Data Science Research Centre

"Data-Information-Knowledge-Application"

F.A.I.R. Guidelines for Machine Learning

How to do reproducible science for A.I.

An ARRE Event: Aid to Research Related Events, Exhibition, Publication and Dissemination Activities Program

Funded by Vice-President, Research and Graduate Studies, & Gina Cody School of Engineering and Computer Science, Concordia University

Organizers: Gregory Butler and Tristan Glatard

Morning Session

Monday 25 March 2019

Time 09:00 to 12:00

Loyola Campus: GE 1.110

7141 Sherbrooke Street West

Talks

09:00 Why Science needs to be Open and FAIR

Abstract Open Science is a relatively common term that not all users know how to practise or to make the best use of. The life sciences research landscape is adapting to these new calls for "openness", but does the scientific community really know what they are getting into, and why they are doing it? The increasing calls for "openness" in research methodology, ethics, data, distribution and publication is actually necessary hard work, and essential for our community. The premise of Open Science is that scientific knowledge is to be shared freely, openly, and in its digital form as early in the discovery process as is practical and helps to make research represents an approach to research that is collaborative, transparent and accessible. In the presentation, I will present how and why the research community needs to make Open FAIR science its mantra, and what some of the best ways are to achieve this.

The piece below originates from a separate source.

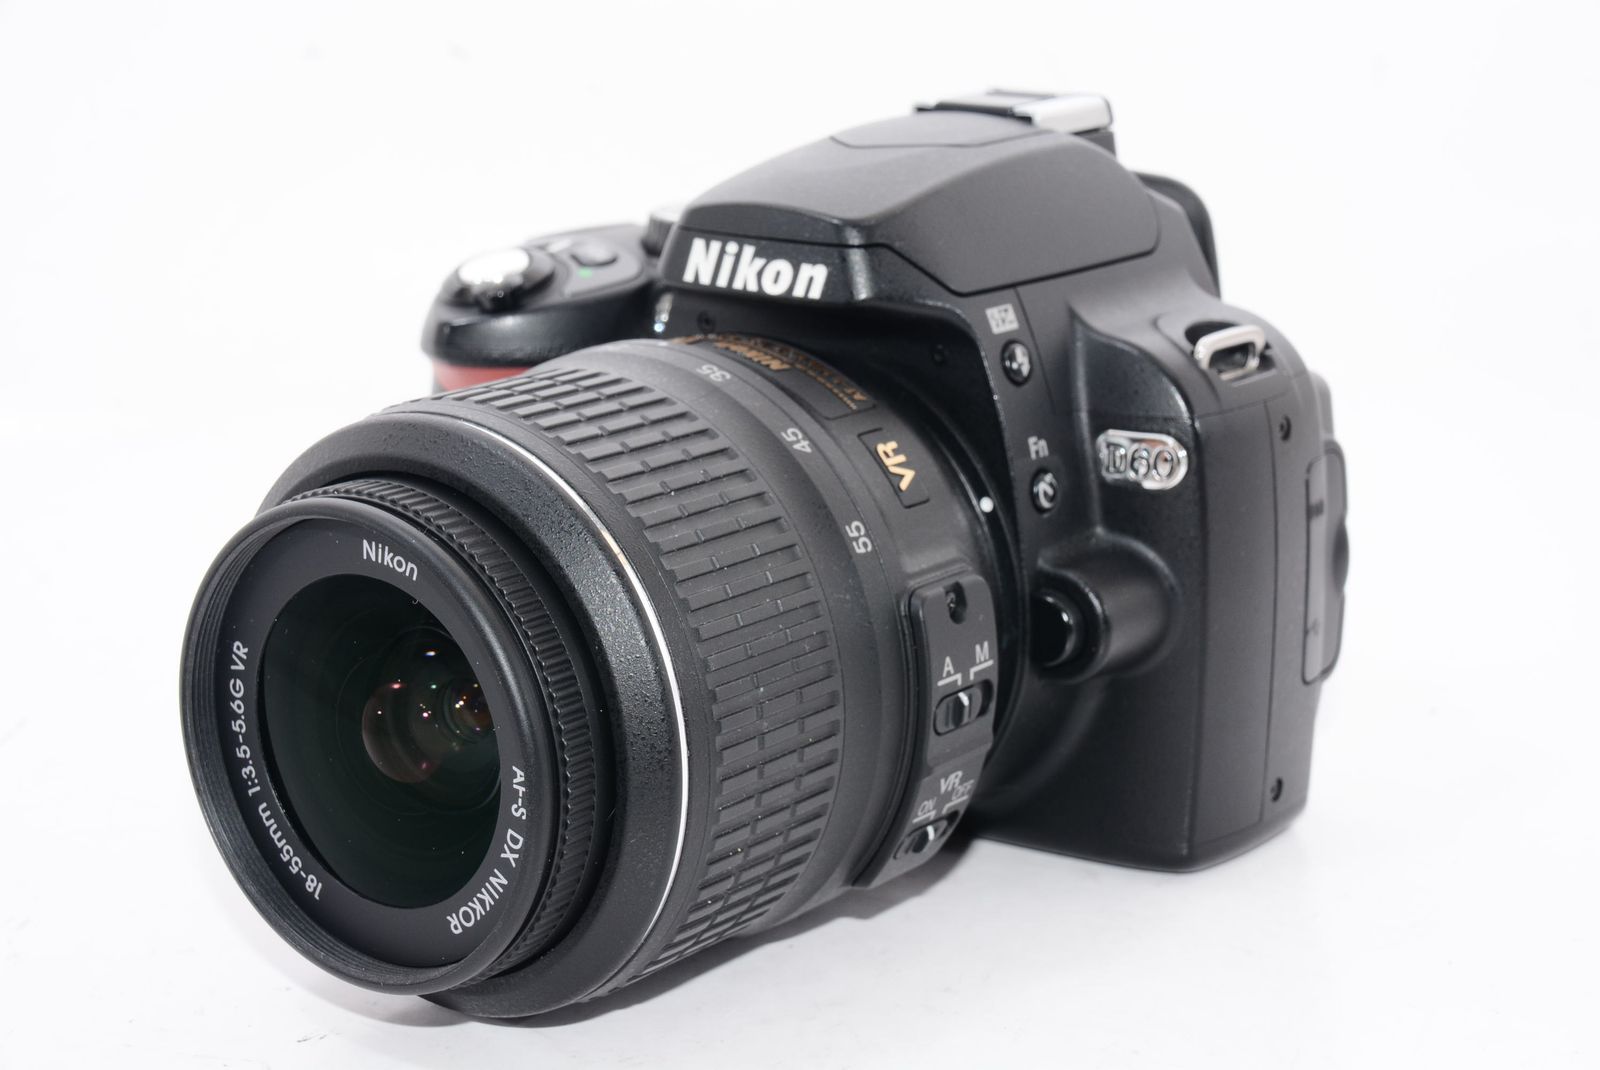 外観特上級】Nikon デジタルカメラ D60 レンズキット D60LK 百獣の買取王カメライオン メルカリ
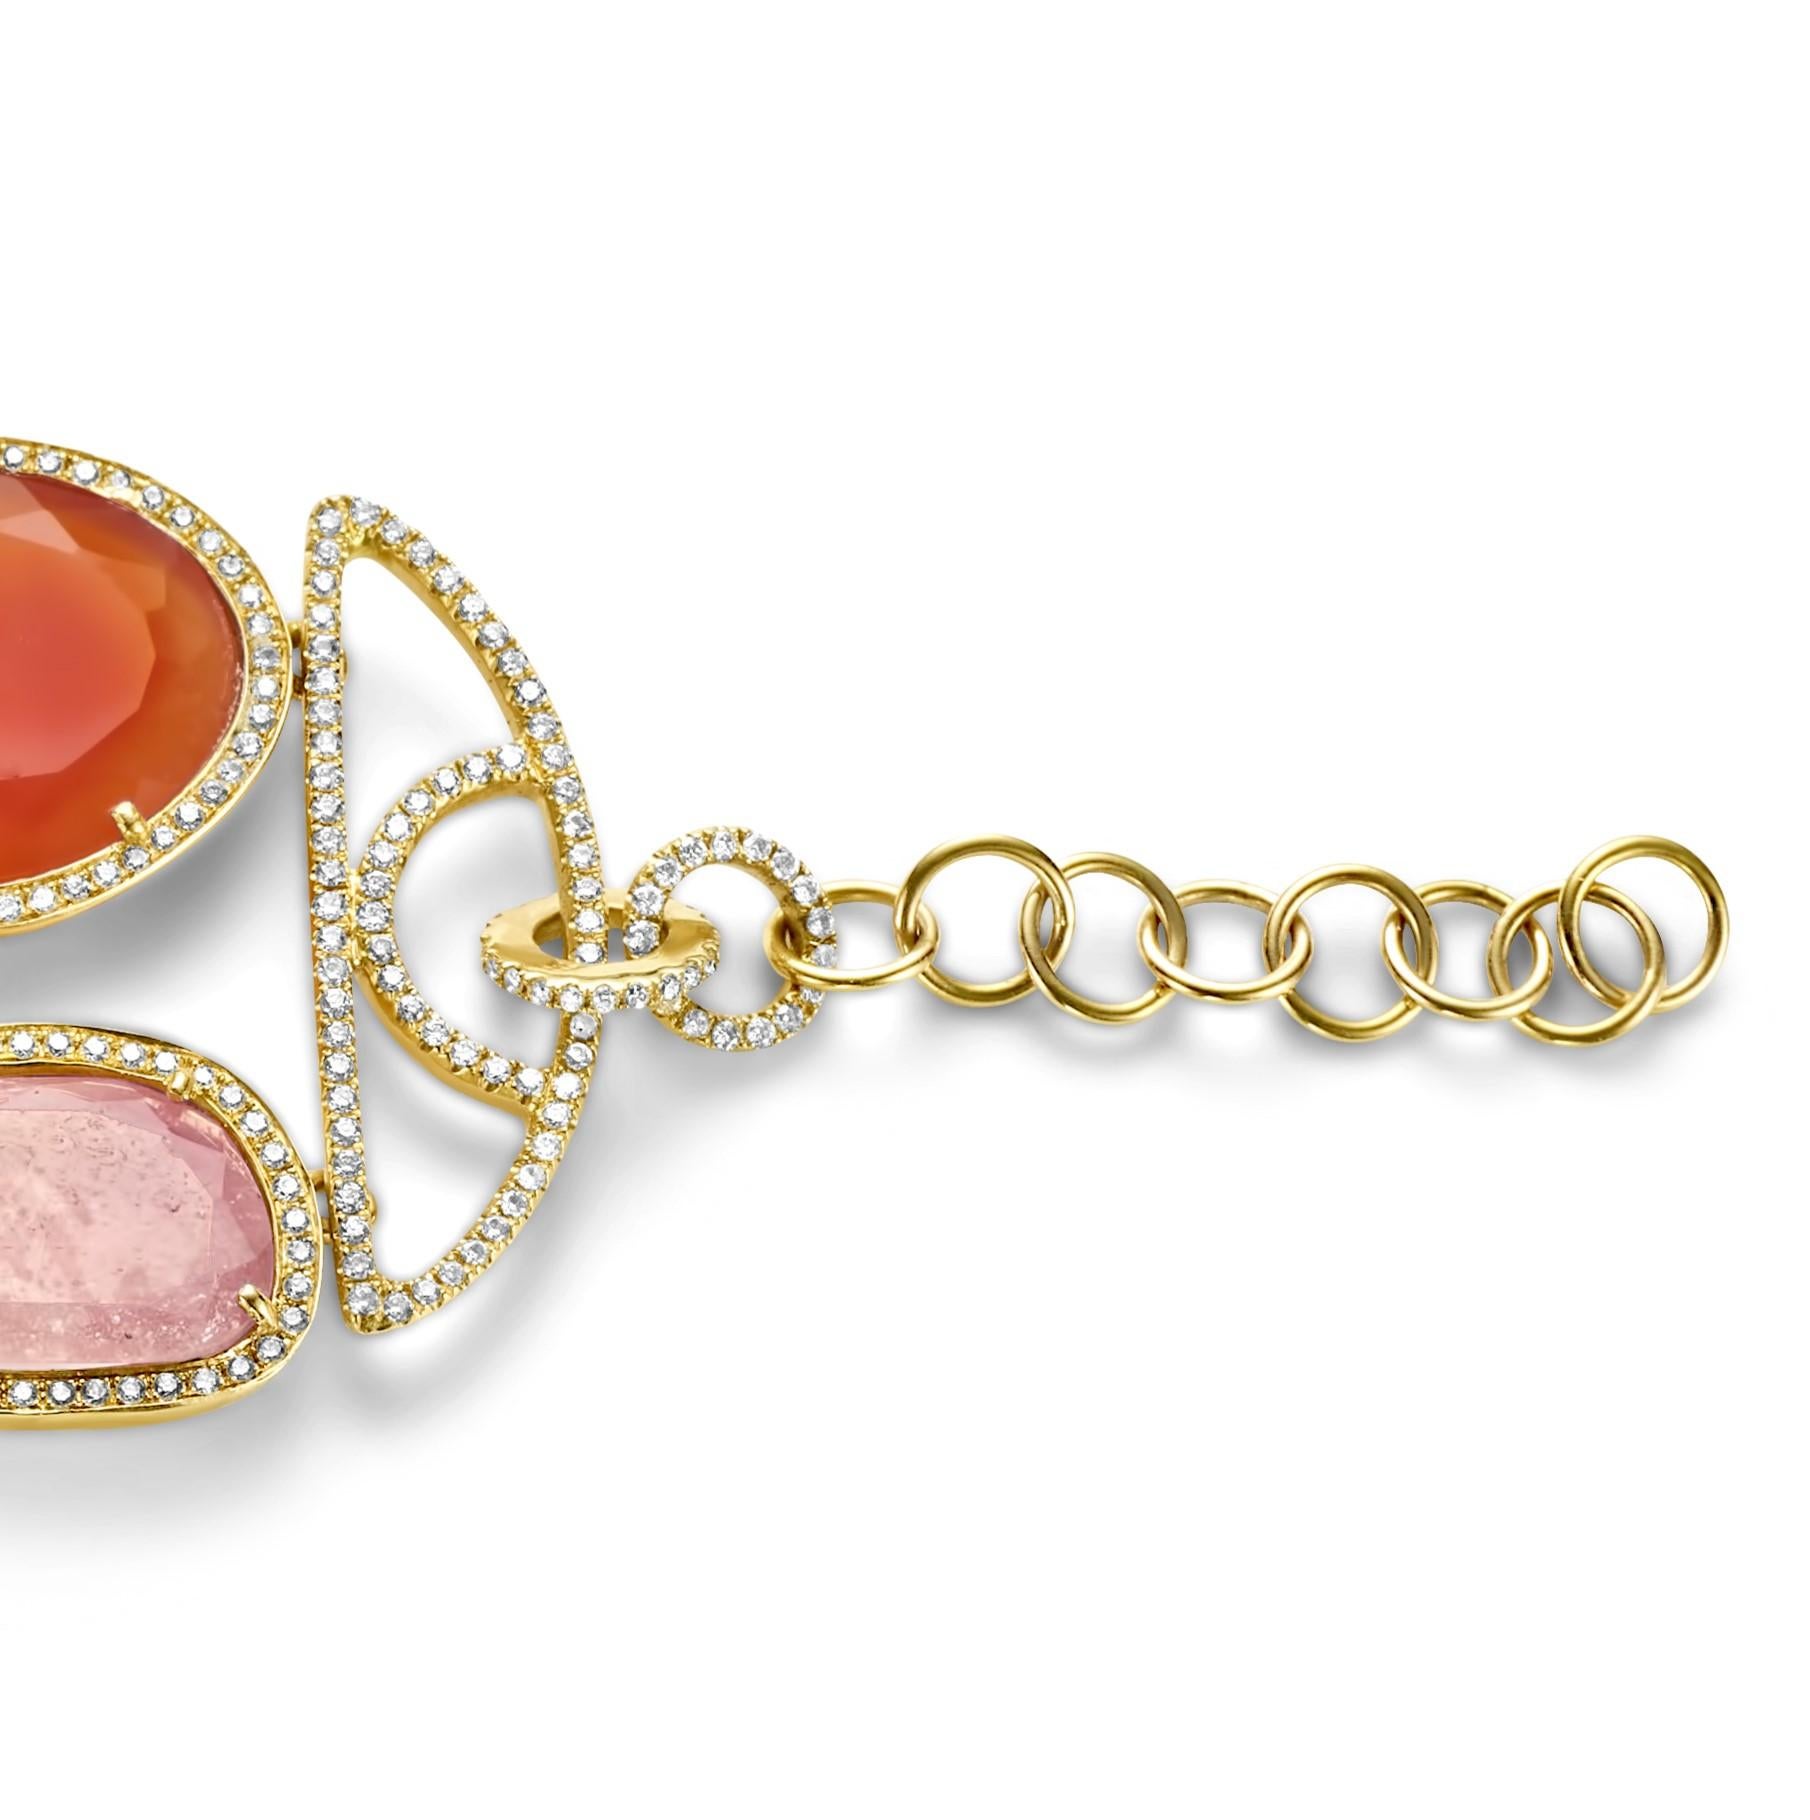 Brilliant Cut 18Kt Bracelet with 78.27ct. Rubellite & Semi Precious Stones, Pearls & Diamonds For Sale

Speaker Francis Ouellette, Department of Cell and Systems Biology, University of Toronto, Toronto, Canada.

BF Francis Ouellette is a leading proponent of open science in genomics. He is Associate Professor at the University of Toronto, Department of Cell and Systems Biology. Francis was one of the co-founders of the Canadian Bioinformatics Workshop in 1998. His teams have been involved in the development of high-throughput sequence analysis methods, as well as the development of platforms to integrate data from various open databases. Francis continues to be interested in computational biology and genomics, and the integration of all data types to help our understanding of biology.

10:00 From Big Data to FAIR Big Data to Better Cancer Care

Abstract Big data, artificial intelligence, machine learning and data science are new fields which are expected to have a major impact on day-to-day oncology practice. Big data based services such as automated contouring and planning, radiomics, decision support systems and literature mining are products already available to our community and these are expected to rapidly change the way we practice medicine. However, issues such as lack of reproducibility or barriers to data sharing are currently limiting the application of the above-mentioned technologies in the clinic. FAIR (Findable Accessible Interoperable Reusable) principles and related technologies can help spreading the usage of big data in cancer care.

Gaining a basic understanding of Big Data and technologies based in it, including their strengths and weaknesses, is the overall aim of this teaching lecture. In particular: (1) What is the rationale behind using Big Data for data driven medicine and what is the relation to evidence base medicine? What is Big Data in (radiation) oncology? (2) How big data is big? (3) How do we learn from big data? (4) What is FAIR and how you apply Big Data results into daily practice?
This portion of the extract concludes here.